As the guests discuss the Trojan War, what effect does it have on them? How does Helen help them? How does Nestor help Telemachos?From The Odyssey...

In Book 3 Telemachos lands on Pylos, the home of the great Trojan War hero Nestor.  Telemachus is welcomed by Nestor, and then Telemachus asks of news of his own father, Odysseus.  Nestor doesn't have much specific knowledge of Odysseus after the Trojan War, but Nestor does give Telemachus encouragement in for the matter of his mother's menacing suitors:



Friend, since you have recalled to my mind these matters and spoken,
men do talk of the suitors who seek your mother, the many
there are in your house who against your will are devising you evils. 
Tell me, are you subdued quite willingly, or do the people
hate you there in your land in response to a god's injunction?
Who is to know whether he will return some day and requite their
violence, either alone or with all the Achaians to aid him?
For if bright-eyed Athena so wanted to favor and love you
as at the tim she cared for Odysseus the glorious hero,
when in the land of the Trojans Achaians were suffering sorrows --
never have I seen gods so openly showing their favor
as beside him stood openly, aiding him, Pallas Athena--
if in her heart she wanted to love you and care for you that much,
then at least some of those men would surely forget aout marriage? (III. 210-24)



Nestor tells Telemachus and Peisistratos to go to Sparta, where King Menelaus and Queen Helen may have more news of Odysseus.  Helen recognizes Telemachus from his resemblance to Odysseus.  Peisistratos reveals Telemachus' identity, and they tell Helen and Menelaus the reason for their visit.  They all weep, mourning the loss of all the Achaians at Troy.  They become so sad that Helen resorts to giving them a drug to curb their sorrow.

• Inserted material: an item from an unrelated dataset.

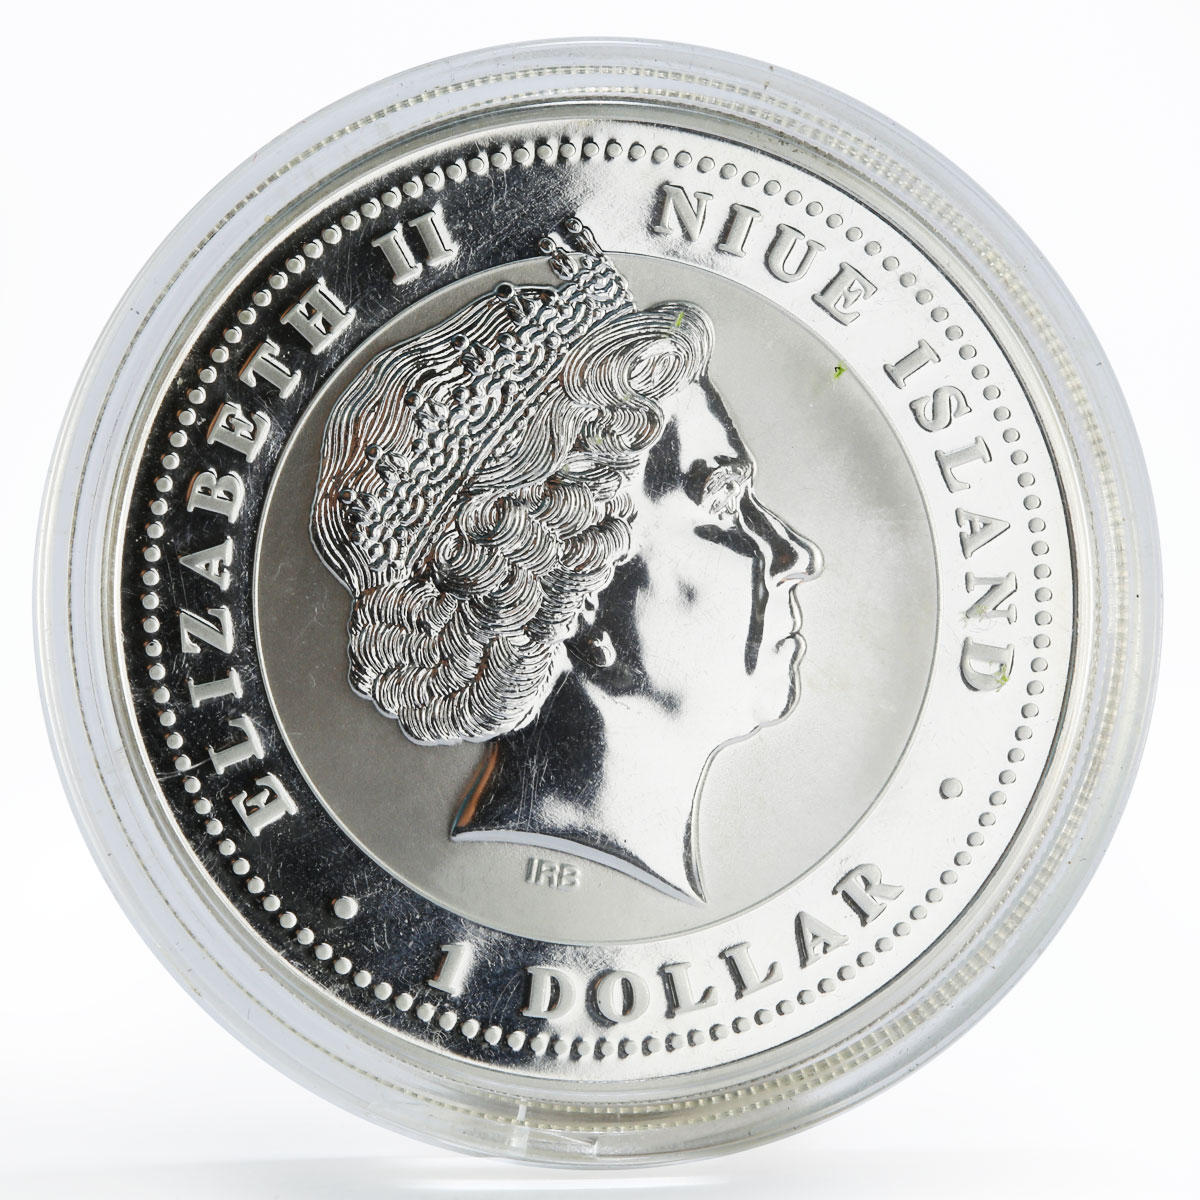 Niue 1 dollar Year of the Rat Lunar Calendar colored silver coin 2008

 Then other things were devised y Helen the daughter of great Zeus:
straightaway into the wine they were drinking she cast an elixir
banishing sorrow and anger and ridding the mind of all evils.
He who swallowed the potion when it had been mixed in the wine bowl
would not shed any tears from his cheeks fo rthe day that he drank it, (IV. 219-223)



After this Menelaos tells Telemachus all he knows about what happened after the Trojan War to Odysseus.  The last Menelaos had heard of Odysseus, he was alive.